Despite the lack of change in PA metrics, participants reported clinically meaningful improvements in pain and function [51]. This could be due to the attention provided by the PA coach [52] or a Hawthorne effect [53]. The mean change in pain and function could also be a reflection of substantial changes in PA that were made by some patients.

This study has several limitations. First, as an exploratory pilot study, the trial was not sufficiently powered to detect clinically meaningful differences in efficacy outcomes. It also did not include a control group for comparing changes in efficacy outcomes. Second, participants were enrolled only from 3 clinics within one health system, which may limit generalizability. Third, the study was limited in terms of the duration of the intervention, as well as follow-up assessments.

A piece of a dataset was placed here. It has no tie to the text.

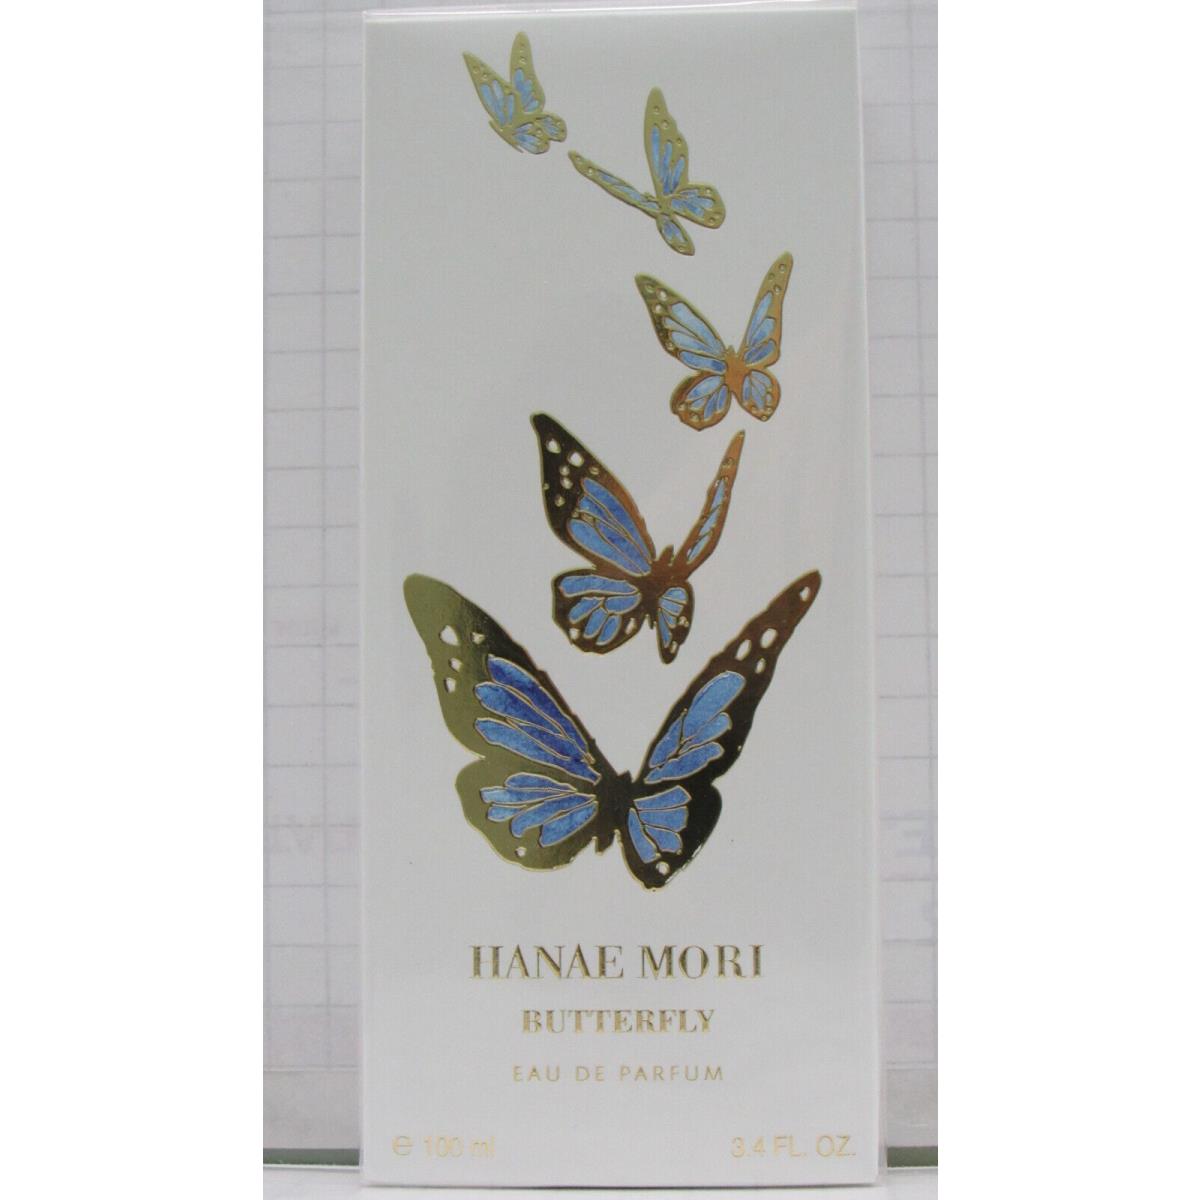 Hanae Mori Butterfly For Women 3.4OZ./100ml Eau de Parfum Spray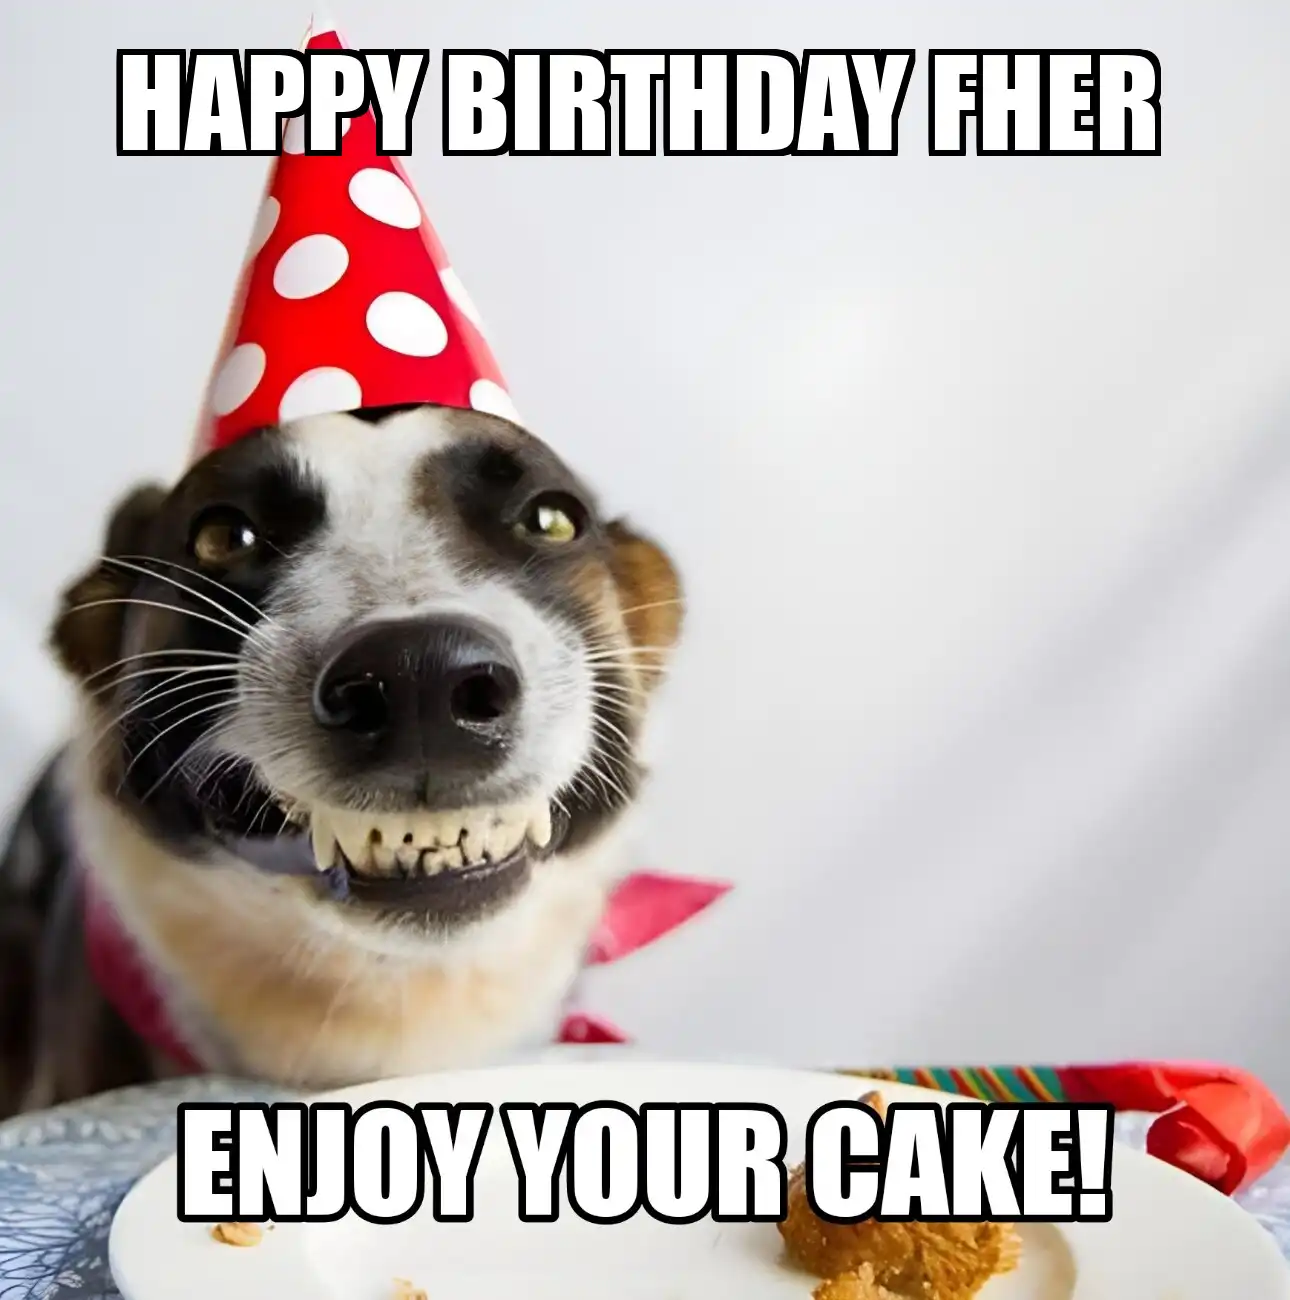 Happy Birthday Fher Enjoy Your Cake Dog Meme

Fourth, we did not obtain radiographs from participants and therefore could not report on radiographic grade or other features.

Conclusions

This study collected preliminary data on an intervention to enhance to PA among individuals with OA, designed for delivery in a primary care setting. Overall the pilot study supported the feasibility and acceptability of the OA-PCP intervention and study processes. The overall enrollment rate, from among patients potentially eligible for the study, was relatively low but similar to comparable studies in this area [41, 43]; this highlights the importance of engaging patient stakeholders throughout the study process to help reduce barriers to participation and maximize patient-centeredness of the intervention. Although mean self-reported pain and function scores improved, there were no meaningful changes in selected PA metrics. We believe one critical factor was the lack of a systematic process for PA self-monitoring, and this will be added via the inclusion of activity trackers in a larger study of the OA-PCP intervention. Enhancement of the OA-PCP intervention, based on results of this study, will be an important step toward building an evidence-based strategy for increasing PA and associated outcomes among the many adults with OA treated in the primary care setting. A larger trial will provide important data for health care systems regarding the effectiveness and value of implementing this program for patients with OA.